Man muss kein Christ sein, um all das zu kritisieren und auch ich bin keiner. Es reicht schon aus, sich an einem Samstagnachmittag mit Menschenverstand in die Fußgängerzone zu stellen um zu erkennen: Weihnachten ist kein Ritual mehr, um in sich zu kehren oder sich zu besinnen. Der Zweck des Festes ist entgleist. Wir müssen Weihnachten deshalb abschaffen, um es neu zu erfinden.

Nein, wir brauchen Weihnachten. Aus christlicher Sicht ist der Brauch des Weihnachtsfestes ein Zeichen für Hoffnung – und so ein Zeichen können wir alle, egal wie gläubig, gebrauchen. Zwischen Terrorwarnungen, Finanzkrise und Alltagsstress tut es der menschlichen Psyche gut, die Hoffnung nicht zu verlieren. Die Sehnsucht nach einer heilen Welt nicht aufgeben zu müssen.

Lieber mit Familie als alleine

Darum will doch Weihnachten niemand einsam sein, feiert lieber mit allen Freunden und Verwandten ein chaotisches Christmas inklusive verkokeltem Braten und Tannenbau in Flammen, als alleine vor der Krippe mit der heiligen Familie zu hocken. Das ist der Wunsch nach Geborgenheit zum Fest der Liebe.

Hätte Weihnachten nicht diese tiefere, hoffnungsvolle Bedeutung, würden wir das Fest doch schon lange nicht mehr feiern. Die kommerzielle Gesellschaft hätte eben einfach ein anderes Fest erfunden, um die Verkaufszahlen am Jahresende noch einmal anzukurbeln.
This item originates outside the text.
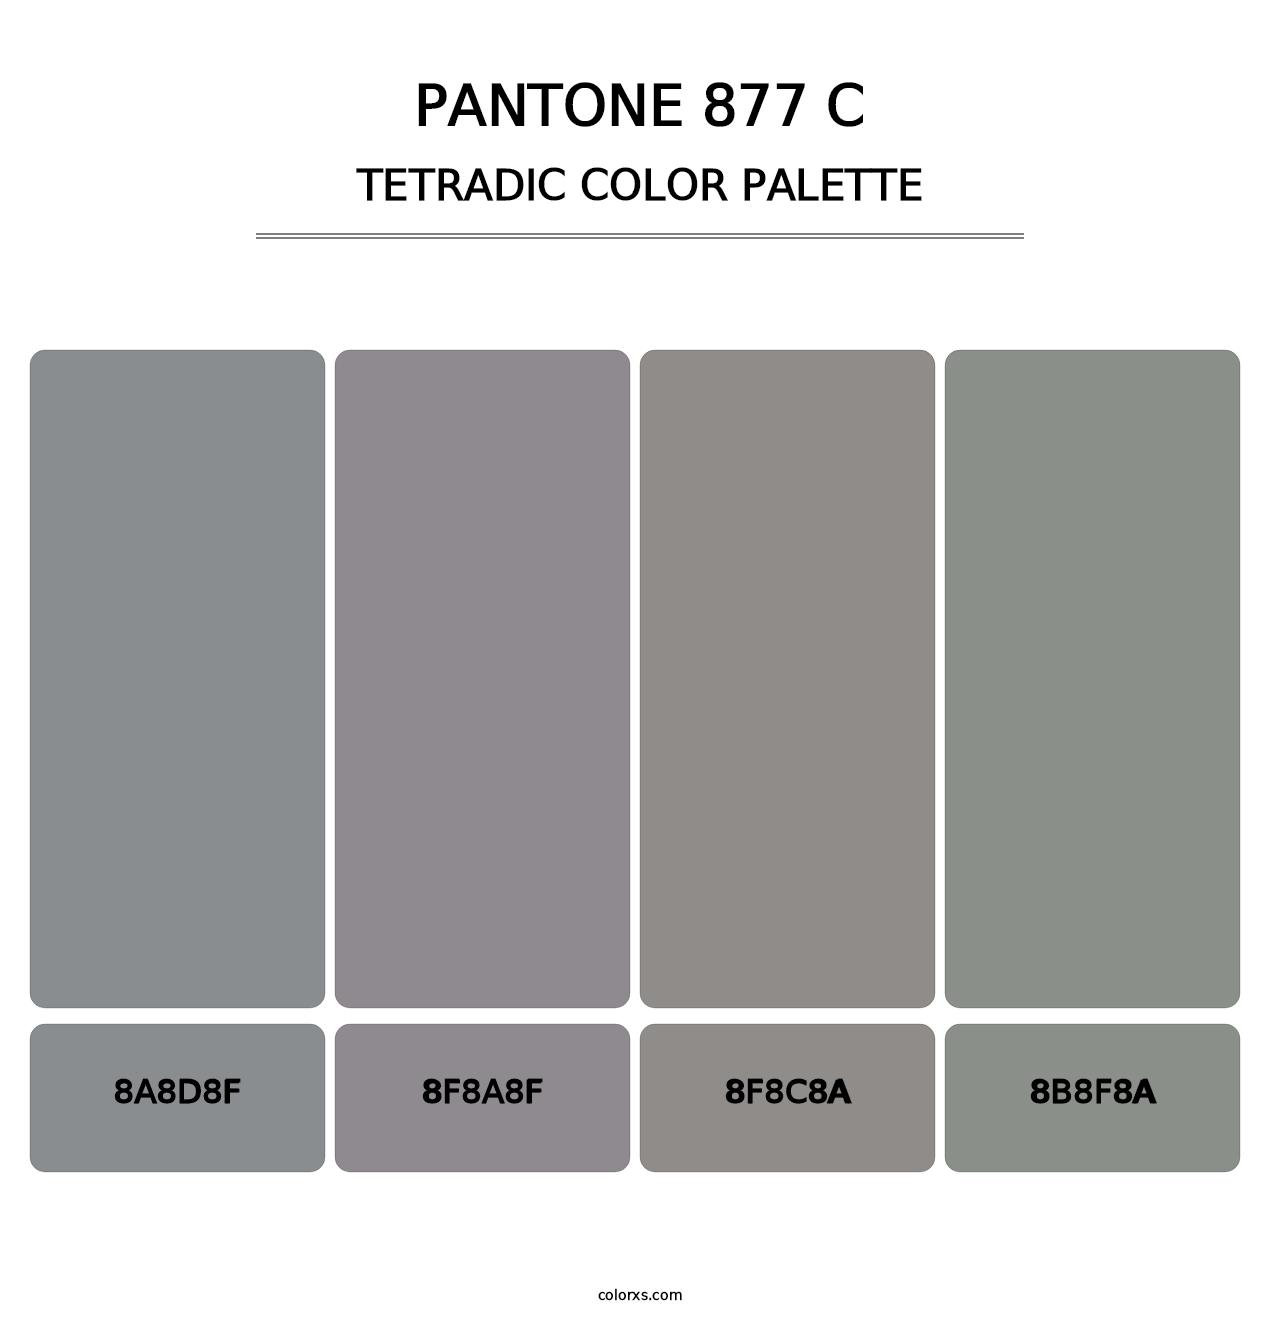 PANTONE 877 C - Tetradic Color Palette

Abseits von Konsum und Kitsch

Aber abseits von Konsum und Kitsch hat sogar das Schenken eine tiefere Bedeutung. Die heiligen drei Könige wertschätzten Jesu Geburt mit dem Überreichen von Weihrauch, Myrre und Gold. Weihnachten erinnert uns daran, dass wir die, die uns wichtig sind, wertschätzen sollten. Dafür steht doch die Geste des Schenkens.
Dabei geht es nicht um die Bedeutung eines gekauften Geschenks mit Glitter und Geldwert. Es bedeutet, neben der Wertschätzung für den Anderen, auch das Sich-einander-Zeit-schenken: Zeit beim Weihnachtsessen, Zeit unterm Weihnachtsbaum, Zeit zum Glühweintrinken, Zeit miteinander zu Reden, zu Schweigen, zu Lachen und zu Weinen. Zeit für Geborgenheit zum Fest der Liebe.
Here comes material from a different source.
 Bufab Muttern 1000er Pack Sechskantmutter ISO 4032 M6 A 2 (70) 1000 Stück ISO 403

Und genau das brauchen wir: Weihnachten als Erinnerungsfunktion an die Hoffnung, das Wertschätzen und das Zusammensein. Nicht, weil wir sonst zwischen Dauerstress und Nachlässigkeit, das alles vergessen würden. Auch nicht, weil wir uns wahrscheinlich kaum Zeit dafür nehmen würden. Sondern einfach, weil das die eigentliche Botschaft von Weihnachten ist. Und so eine Botschaft muss man doch feiern!

1 Comment

  • Steffen Meyer sagt:

    „Wer mit Freude Weihnachten feiert, sich über Weihnachtsferien freut, das gute Abendessen genießt, sich drei Tage lang von einem proppenvollen TV-Programm verwöhnen lässt, wer die Winterzeit dazu nutzt, sich Zeit für seine Lieben zu nehmen oder auch etwas Gutes zu tun oder sich ethischen Fragen zu widmen, der soll das tun und sich damit wohlfühlen, ohne sich in ein christliches Korsett zwingen zu lassen.“

    Das finde ich ganz schön zu dem Thema. Stammt aus diesem Text:
    http://hpd.de/node/10922

    via F!XMBR (http://www.fixmbr.de/zu-guter-letzt-13/)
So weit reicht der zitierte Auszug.